BEGIN MATERIAL TO PROCESS
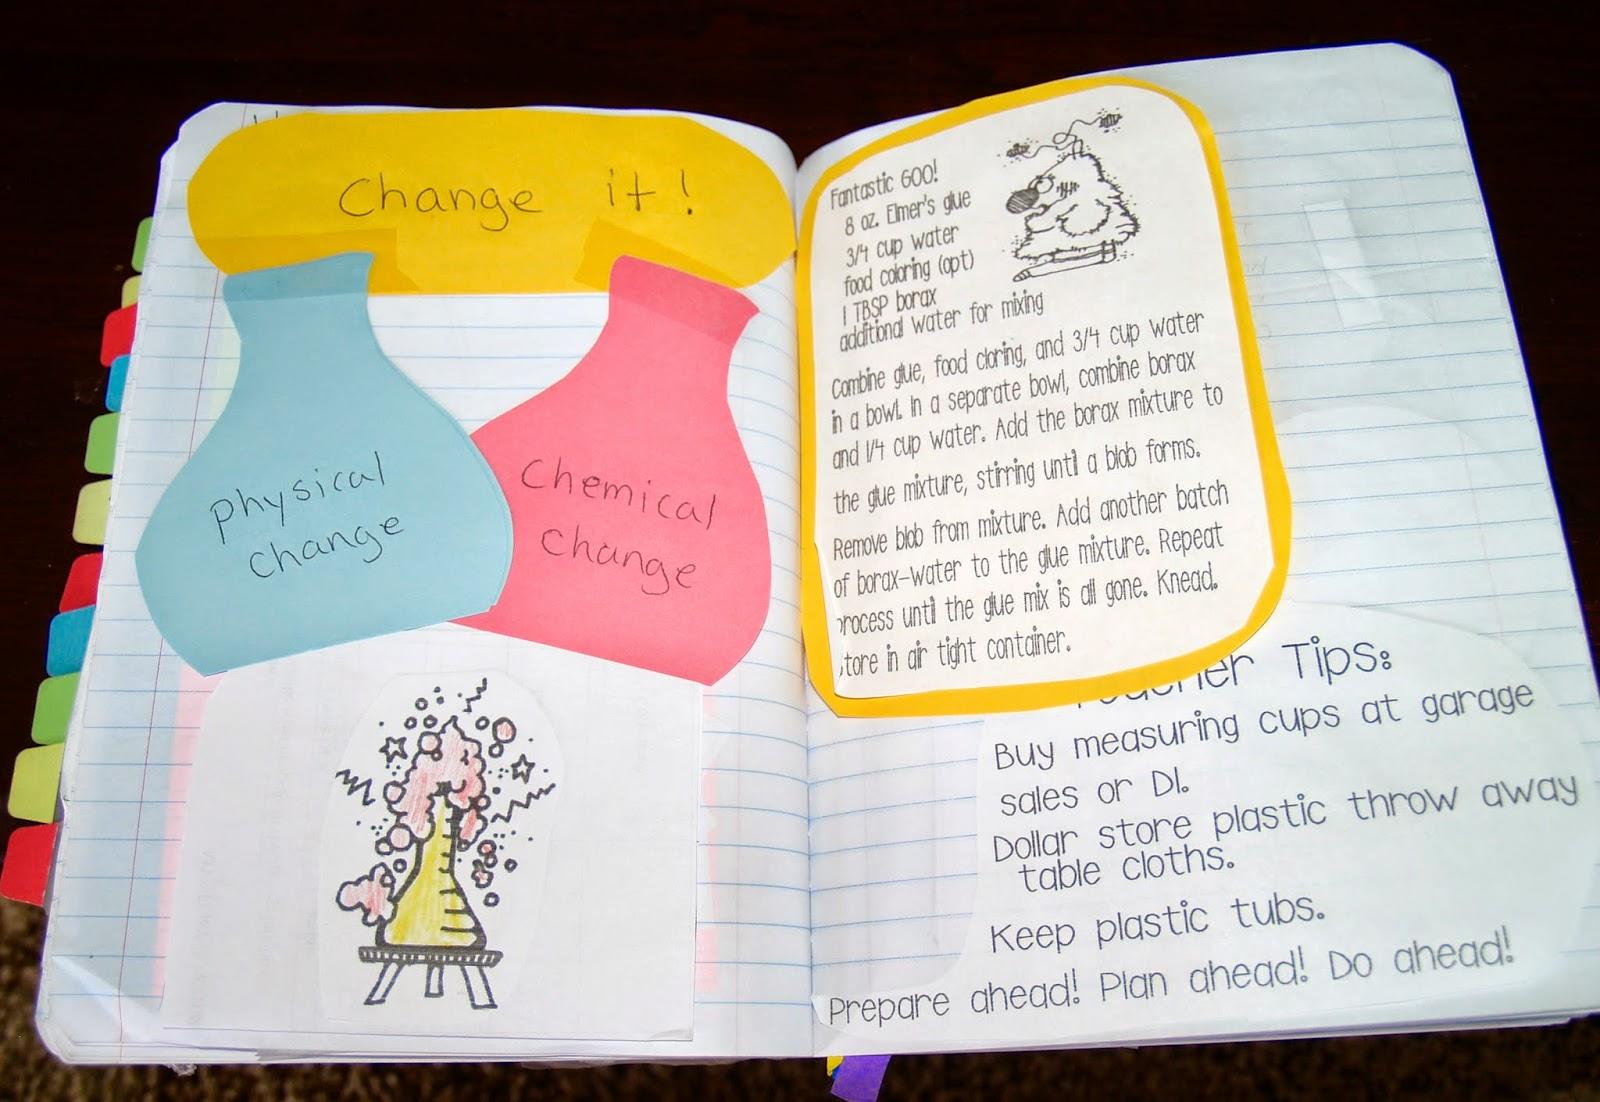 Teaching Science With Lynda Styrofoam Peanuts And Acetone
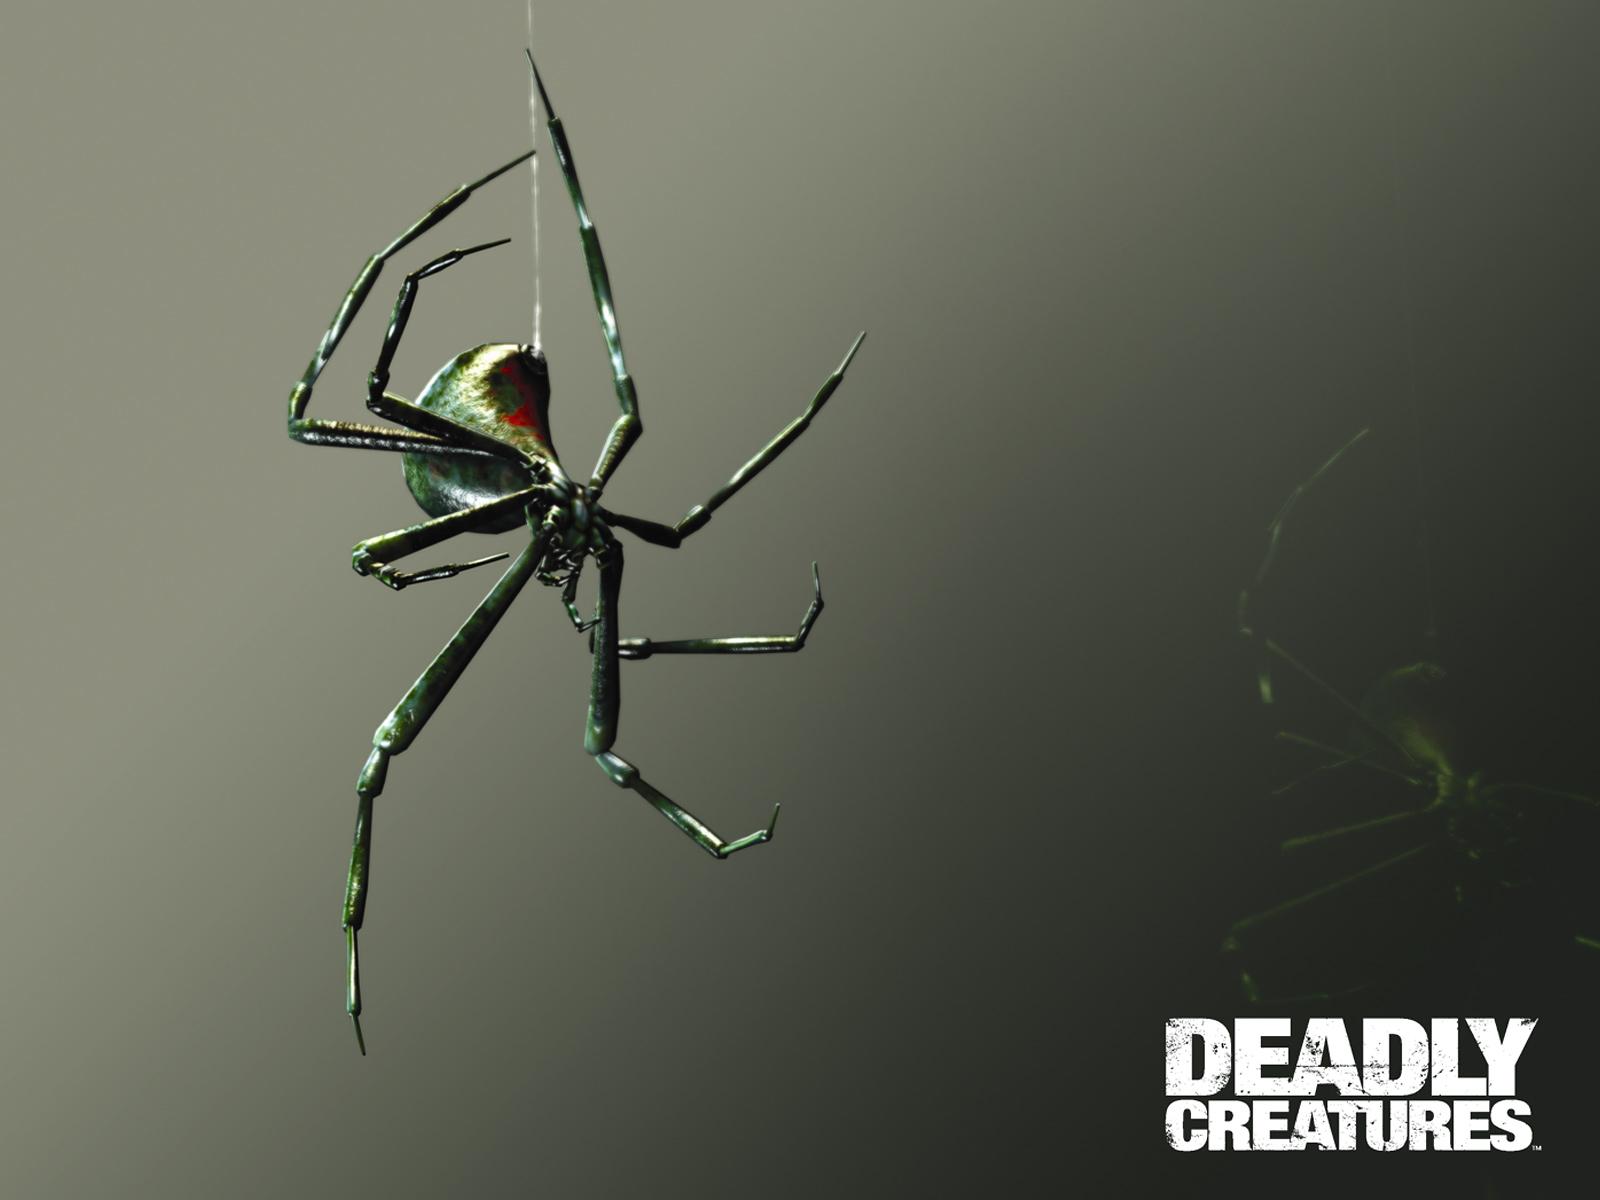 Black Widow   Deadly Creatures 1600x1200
END MATERIAL TO PROCESS
BEGIN MATERIAL TO PROCESS
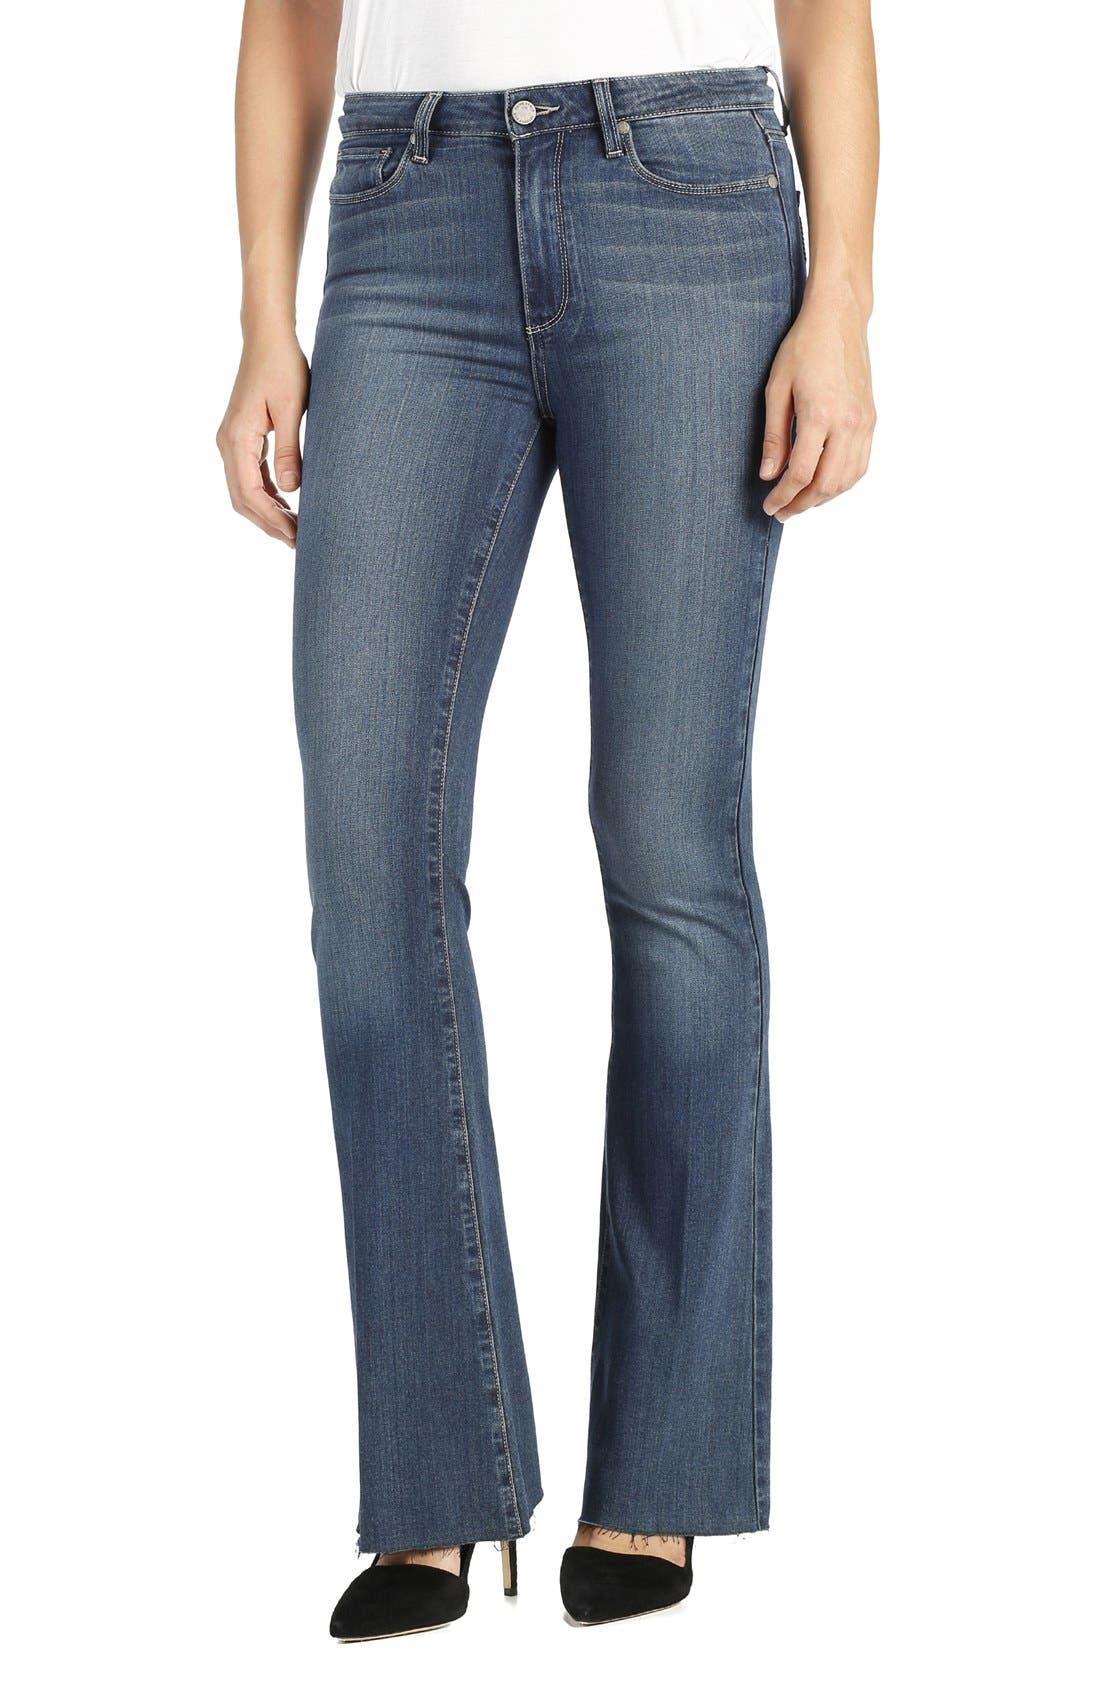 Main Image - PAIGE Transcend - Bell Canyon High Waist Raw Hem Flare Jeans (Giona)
END MATERIAL TO PROCESS
Look above for the line with "Teaching Science With" and the line with "Deadly Creatures 1600x1200", then restate exactly those two lines and all lines between them, with no pictures.

### OUTPUT OF THE TASK
 Teaching Science With Lynda Styrofoam Peanuts And Acetone
 Black Widow   Deadly Creatures 1600x1200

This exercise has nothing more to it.